アーユルヴェーダや中医学薬膳を本格的に学び、知識を豊富に持つ三原さん。今回も、それぞれの考え方に基づいた “体を整える” レシピを教えてくれました。

とはいっても、どれも身近な食材を使った手軽で、かつばつぐんにおいしいものばかり。平日の夕ごはんづくりのヒントにしてみてくださいね。

 

冬の体を食材で整えるという考え方

第1話の今回は、アーユルヴェーダの考えを取り入れた「体にたまったものを軽くする」レシピです。

三原さん:
「アーユルヴェーダはインドの伝統医学。 “おばあちゃんの知恵”  的な要素もあります。

アーユルヴェーダでは、冬は重たいものがたまりやすい時期とされています。そこへさらに食べ過ぎたりするので体が重くなりがち。そのため、それを調整する食材をとることでバランスをとります。

にんじんやごぼう、れんこん、玉ねぎ、小松菜、小豆、白菜、しょうが、鳥のむね肉、川魚などがおすすめです」

*アーユルヴェーダでは、一人ひとりの体調や体質を診る時に「ドーシャ」という体内のエネルギー用います。「ヴァータ(風)」「ピッタ(火)」「カパ(水・土)」の3つに分けられ、いずれかが乱れると不調の原因に。冬は「カパ」がたまりがちとされる季節で、そこに暴飲暴食が加わるとさらに体が重くなります。上記の食材は「カパ」を減らすとされています。

では、さっそく体を軽くする晩ごはんレシピへ!

 


年末年始の食べ過ぎをリセット。
根菜と鶏むね肉のジンジャークミン炒め


材料(2人分)

蓮根…100g
ごぼう…1/2本
人参…1/2本
たまねぎ…1/4個
生姜…1片
鶏むね肉…240g
クミンシード…大さじ1
油…大さじ1 ※
砂糖…大さじ1
日本酒…大さじ1
塩 小さじ3/4
こしょう 少々

※「冬は特にひまわり油がおすすめです」(三原さん)

▲クミンシードは使いやすいスパイスのひとつ。炒めものやスープにひと振りするだけで味に変化をつけられます。初めてという人は、より風味がマイルドなパウダーを買うのも手です。

 

作り方

1. 鶏肉の下準備をする。

鶏むね肉は縦半分にきり、繊維に垂直にそぎ切りします。袋に入れ、砂糖、日本酒をもみ込んで20分(余裕があれば数時間)ほど置きます。こうすることでむね肉がパサつかず、しっとりします。

2. 材料を切る。

蓮根、ごぼう、人参は細切りに、たまねぎは串切りに。火が均一に通りやすいよう、大きさを揃えて切ります。生姜も千切りにします。

 

3. 材料を炒める。

フライパンに油をしき、しょうがを炒めます。香りが立ってきたら、たまねぎ、人参、ごぼう、1の鶏肉を加えます。

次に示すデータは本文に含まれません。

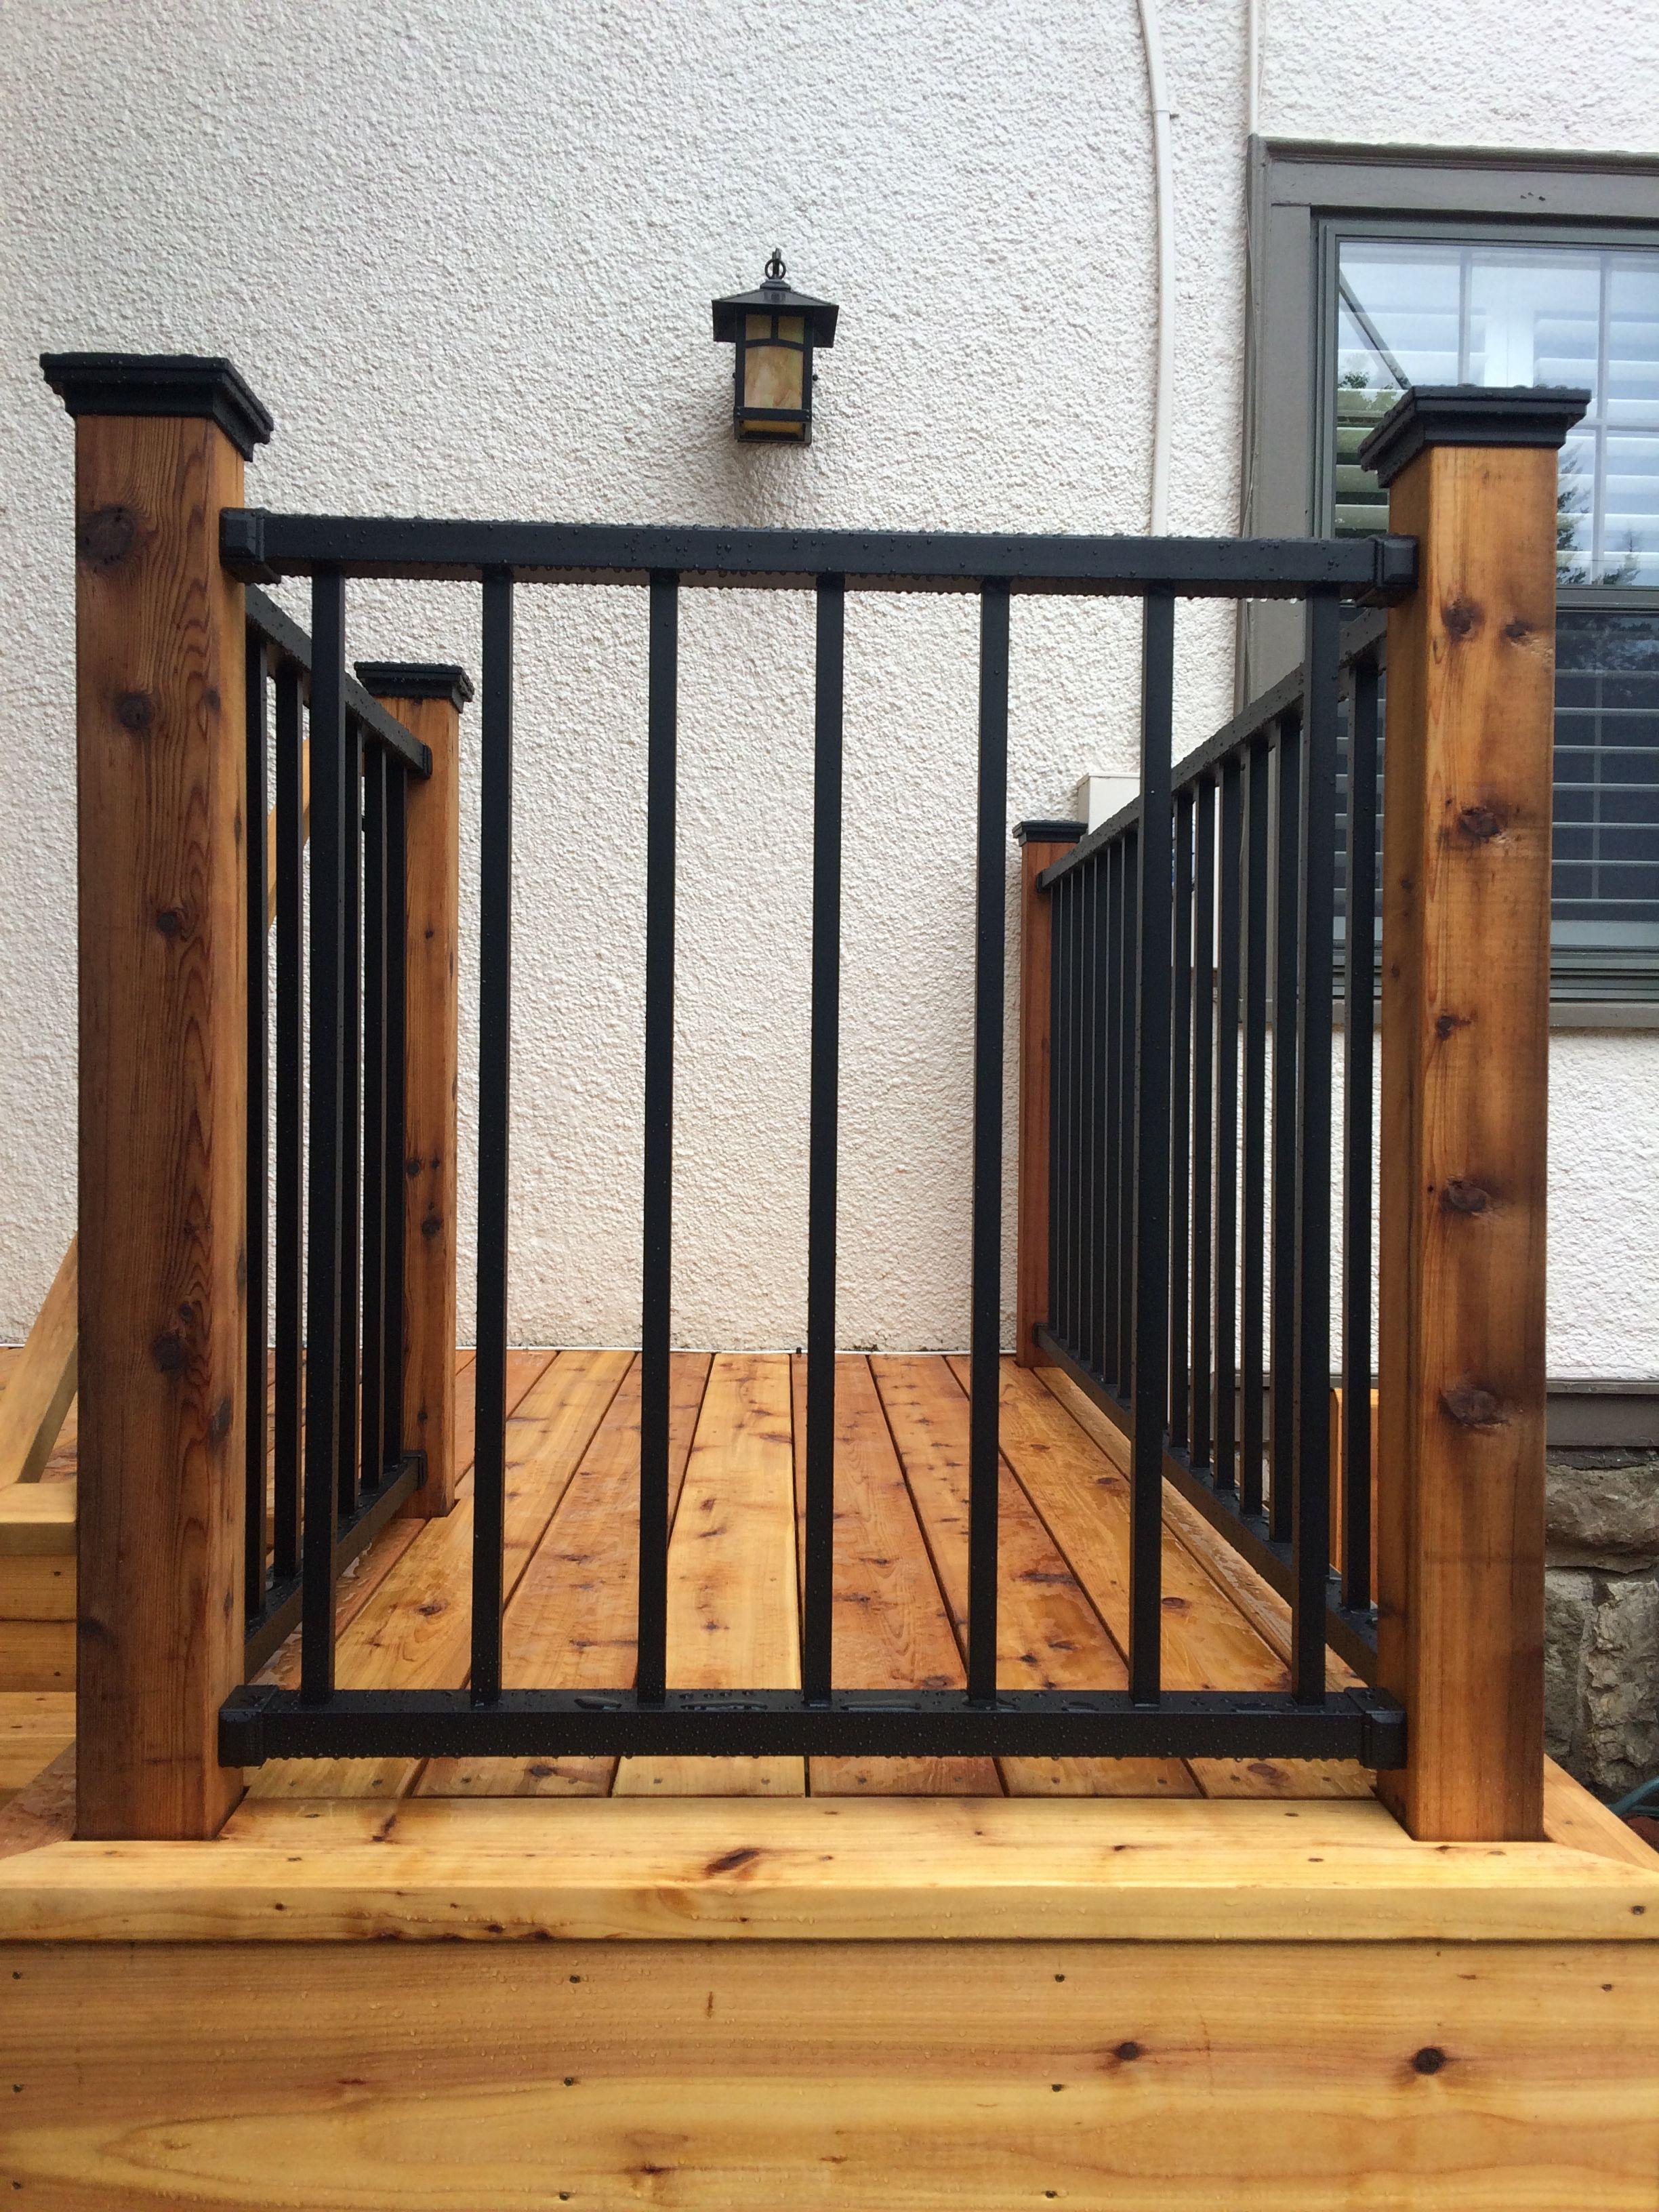 Westbury Aluminum Railing Black Attached To Cedar Posts | Black Outdoor Stair Railing | Interior Stair | Modern | Pipe | Composite Deck | 2 Step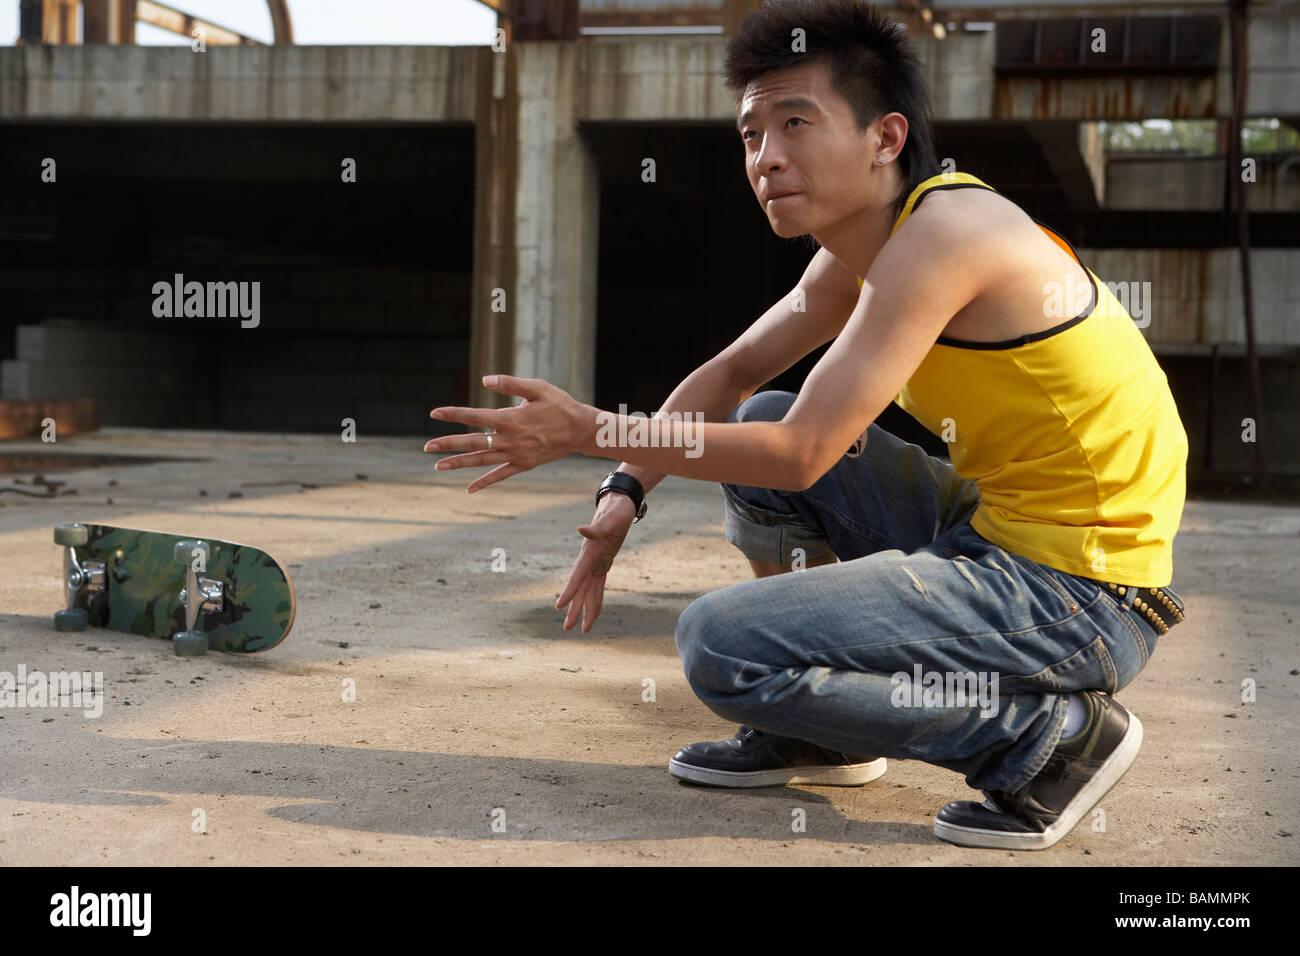 Man Crouching Down - Stock Image

たまねぎが透明にしんなりしてきたら、蓮根を入れ、塩、クミンシードを入れ、こしょうをふりさらに炒めます。蓮根に火が通ったらできあがり。

クミンと生姜の豊かな風味がきいて、身近な食材が新鮮な味わいに。シャキシャキの根菜と柔らかいむね肉の相性もばっちりです。

三原さん:
「アーユルヴェーダというと、カレーやスパイス料理をイメージする人も多いかもしれませんが、必ずしもそうではないんです。使うのは身近な食材ですし、和食にもその考えは十分取り入れられます。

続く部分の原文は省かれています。